For grocery and cold chain items specifically, dark stores increase in addition to micro-fulfillment centers. These solutions focus on technology and proximity so that grocery items are delivered fresh. Temperature monitoring and attention to detail with timing help combat food waste. Software solutions here focus on proper visibility into demand, as well as the ability to automate and track inventory.

The pitfalls

But, with this growth in e-commerce demands for the cold chain comes new problems.

For instance, shortages in product as well as labor puts added troubles on this sector, making inventory monitoring and visibility tracking crucial here. To the customer, these widespread problems are not at the forefront of their mind, and they expect timely and quality service despite these ongoing disruptions in the supply chain. Stoner explains that shoppers may want a local product but are unaware of where that product is located. These are issues retailers need to look out for.

Stoner also explains that customers feel more comfortable ordering big and heavy items, but expect the same type of delivery experience when it comes to smaller goods. This means shippers and retailers need to determine a streamlined manner of delivery for bulk items with quality service.

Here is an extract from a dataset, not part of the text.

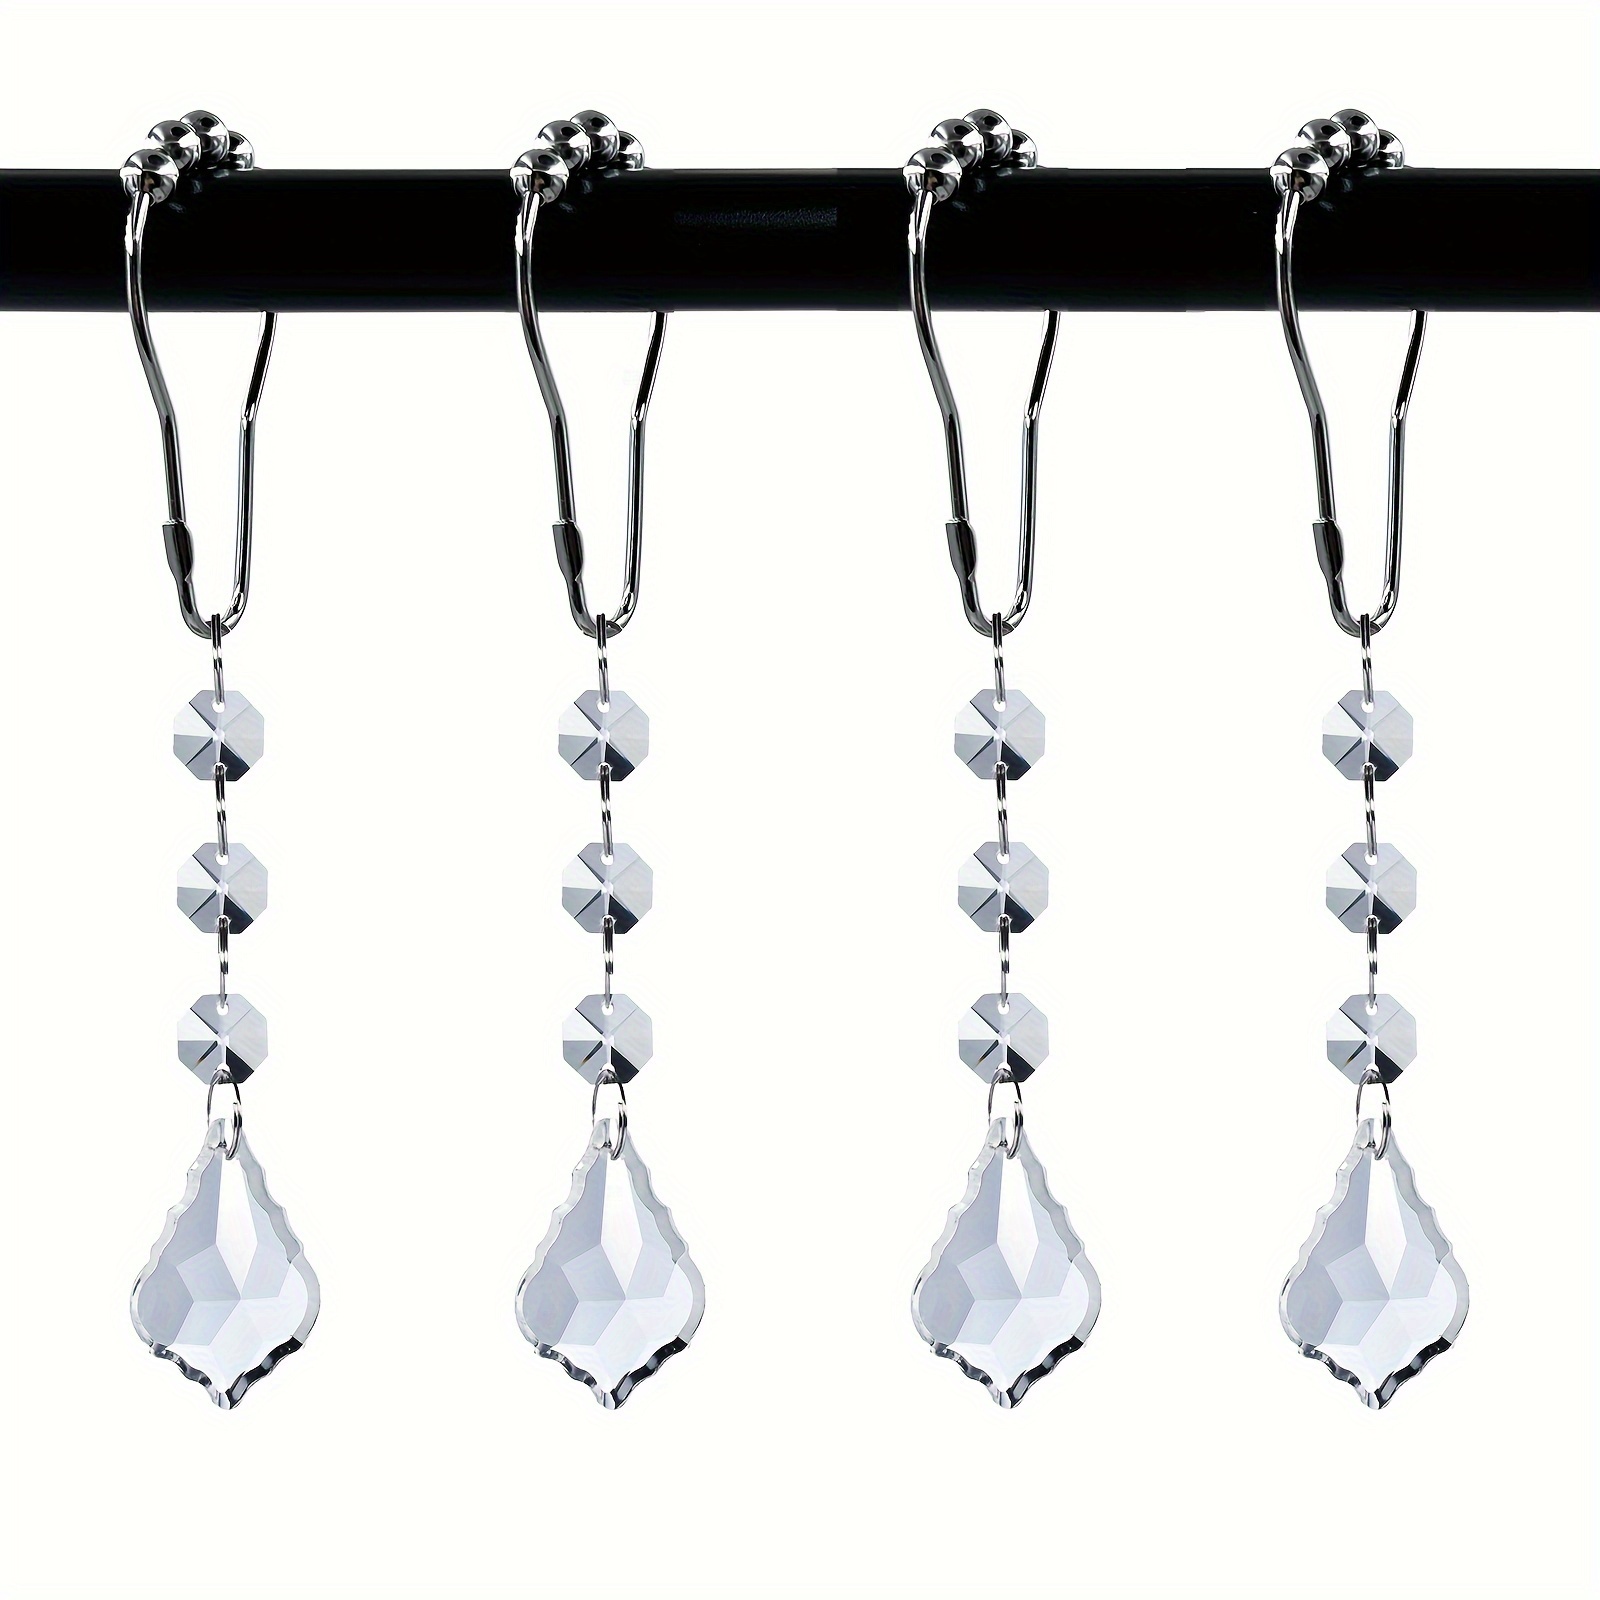 12pcs Crystal Drop Shower Curtain Hook, Decorative Shower Curtain Hooks,  Rust-proof Hooks For Shower Curtains, Bathroom Decoration Accessories

Another pitfall that is important to pay attention to when it comes to e-commerce is the reverse logistics aspect. Since online items are more likely to be returned, it is important for warehouses to have supreme technology and solutions in place to handle incoming items and restock them in a timely, safe and effective.

“Just as retailers strive to create an exceptional customer experience when products are delivered, the return process must be just as efficient and convenient,” Stoner says. “While omnichannel retailers are investing in solving for speed and flexibility to deliver products when and how customers want them, there is still work to be done to achieve the same process with returns and reverse logistics.”

For the cold food sector, it is less about accepting returns because the product will need to be discarded but the focus here is offering a fast and convenient method for customers to submit a claim for a refund. A cumbersome returns process can turn off possible returning customers.

Unfortunately, the software and technological solutions needed to support the demand for e-commerce is often costly upfront, which pushes high level executives off the idea to adopt them.

“One challenge we are seeing with customers looking to improve their supply chain is a hesitancy to invest in improved software and automation technology due to the upfront costs and unpredictable ROI,” says Glynn. “Without reliable tracking, sorting and scanning capabilities, customers feel a lack of trust and control in the situation and warehouses become reliant on old-school methods of packing; something that has proven to slow fulfillment.

“As we enter the holiday season, companies are beginning to think about, and even implement, fulfillment solutions to meet peak demands. The issue is that a majority of companies are implementing solutions that require expensive, permanent infrastructure changes and aren’t scalable based on demand and employee count. Once peak season ends, many warehouses will be stuck with ‘solutions’ that are now a hindrance to workflow and financially irresponsible as they were built for higher volumes,” Glynn adds.

Moving forward, e-commerce solutions will continue to advance in inventory monitoring, location tracking and push faster and more flexible delivery options. The more demand and pressure from others creating as well as investing in these technologies will prompt others to follow suit. Retailers will implement forward-deployed inventory, same-day or scheduled delivery within a single dashboard.